That was the literal translation of Dar-Kosis - the Holy Disease - or,
equivalently, the Sacred Affliction. The disease is named that because it
is regarded as being holy to the Priest-Kings, and those who suffer from
it are regarded as consecrated to the Priest-Kings. Accordingly, it is
regarded as heresy to shed their blood. On the other hand, the Afflicted,
as they are called, have little to fear from their fellow men. Their
disease is so highly contagious, so invariably devastating in its effect,
and so feared on the planet that even the boldest of outlaws gives them a
wide berth. Accordingly, the Afflicted enjoy a large amount of freedom of
movement on Gor. They are, of course, warned to stay away from the
habitations of men, and, if they approach too closely, they are sometimes
stoned. Oddly enough, casuistically, stoning the Afflicted is not regarded
as a violation of the Priest-King's supposed injunction against shedding
their blood.
As an act of charity, Initiates have arranged at various places Dar-Kosis
Pits where the Afflicted may voluntarily imprison themselves, to be fed
with food hurled downwards from the backs of passing tarns. Once in a
Dar-Kosis Pit, the Afflicted are not allowed to depart. Finding this poor
fellow in the Voltai, so far from the natural routes and fertile areas of
Gor, I suspected he might have escaped, if that was possible, from one of
the Pits.
"What is your name?" I asked.
"I am of the Afflicted," said the weird, cringing figure. "The Afflicted
are dead. The dead are nameless." The voice was little more than a hoarse
whisper.
I was glad that it was night and that the hood of the man was drawn, for I
had no desire to look on what pieces of flesh might still cling to his
skull.
"Did you escape from one of the Dar-Kosis Pits?" I asked.

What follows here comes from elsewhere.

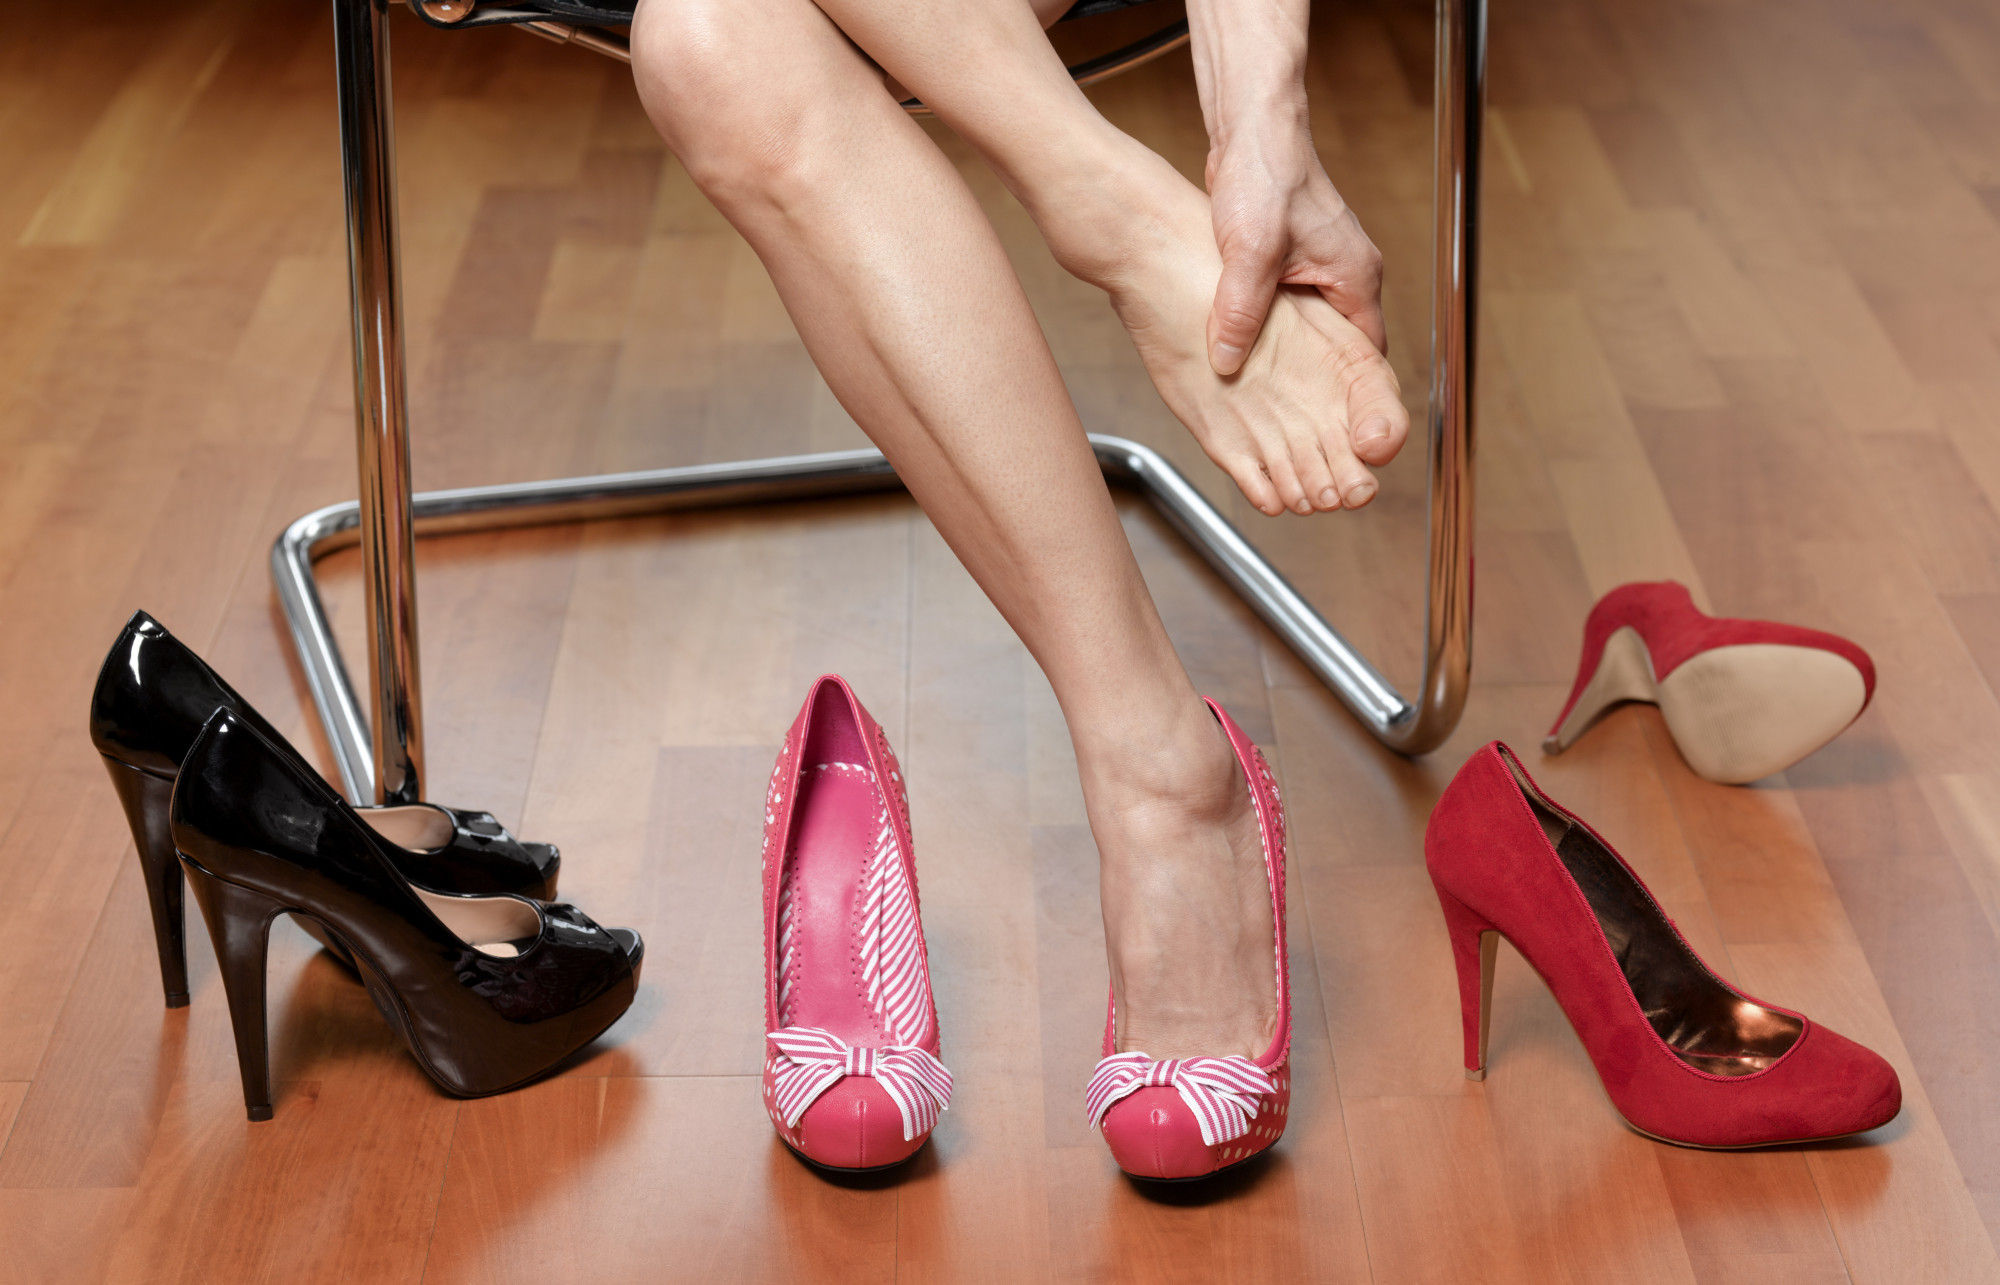 Мозоль из-за неудобной обуви

The man seemed to cringe even more.
"You are safe with me," I said. I gestured to the tarn, which was
impatiently opening and closing his wings. "Hurry. There are more larls
about."
"The Holy Disease," the man protested, pointing into the hideously dark
recesses of his drawn hood.
"I can't leave you here to die," I said. I shivered at the thought of
taking this dread creature, this whispering corpse, with me. I feared the
disease as I had not feared the larl, but I could not leave him alone here
in the mountains to fall prey to one beast or another.
The man cackled - a thin, whining noise. "I am already dead," he laughed
insanely. "I am of the Afflicted." Again the weird cackle came from the
folds of the yellow shroud. "Would you like the Holy Disease?" he asked,
stretching out one hand in the darkness, as if trying to clutch my hand.
I drew back my hand in horror.
The thing stumbled forward, reaching for me, and fell to the ground with a
tiny, moaning sound. It sat on the ground, wrapped in its yellow cerements
- a mound of decay and desolation under the three Gorean moons. It rocked
back and forth, uttering mad little noises, as if grieving or whimpering.
From perhaps a pasang away I hear the frustrated roar of a larl, probably
one of the companions of the beast I had killed, puzzled about the failure
of the hunt.
"Get up," I said. "There isn't much time."
"Help me," whined the yellow mound.
I stilled a shiver of disgust and extended my hand to the object.
"Take my hand," I said. "I'll help you."
From the bent heap of rags that was a fellow human being, a hand reached
up to me, fingers crooked, as though they might have been the claws of a
chicken. Disregarding my misgivings, I took the hand, to draw the
unfortunate creature to its feet.
To my amazement, the hand that clasped mine firmly was as solid and
hardened as saddle leather. Before I realized what was happening, my arm
had been jerked downward and twisted, and I had been thrown on my back at
the feet of the man, who leaped up and set his boot on my throat. In his
hand was a warrior's sword, and the point was at my breast. He laughed a
mighty, roaring laugh and threw his head back, causing the hood to fall to
his shoulders. I saw a massive, lion like head, with wild long hair and a
beard as unkempt and magnificent as the crags of the Voltai itself. The
man, who seemed to leap into gigantic stature as he lifted himself into
full height, took from under his yellow robes a tarn whistle and blew a
long, shrill note. Almost instantly the whistle had been answered by other
whistles, responding from a dozen places in the nearby mountains. Within a
minute the air was filled with the beating of wings, as some half a
hundred wild tarnsmen brought their birds down about us.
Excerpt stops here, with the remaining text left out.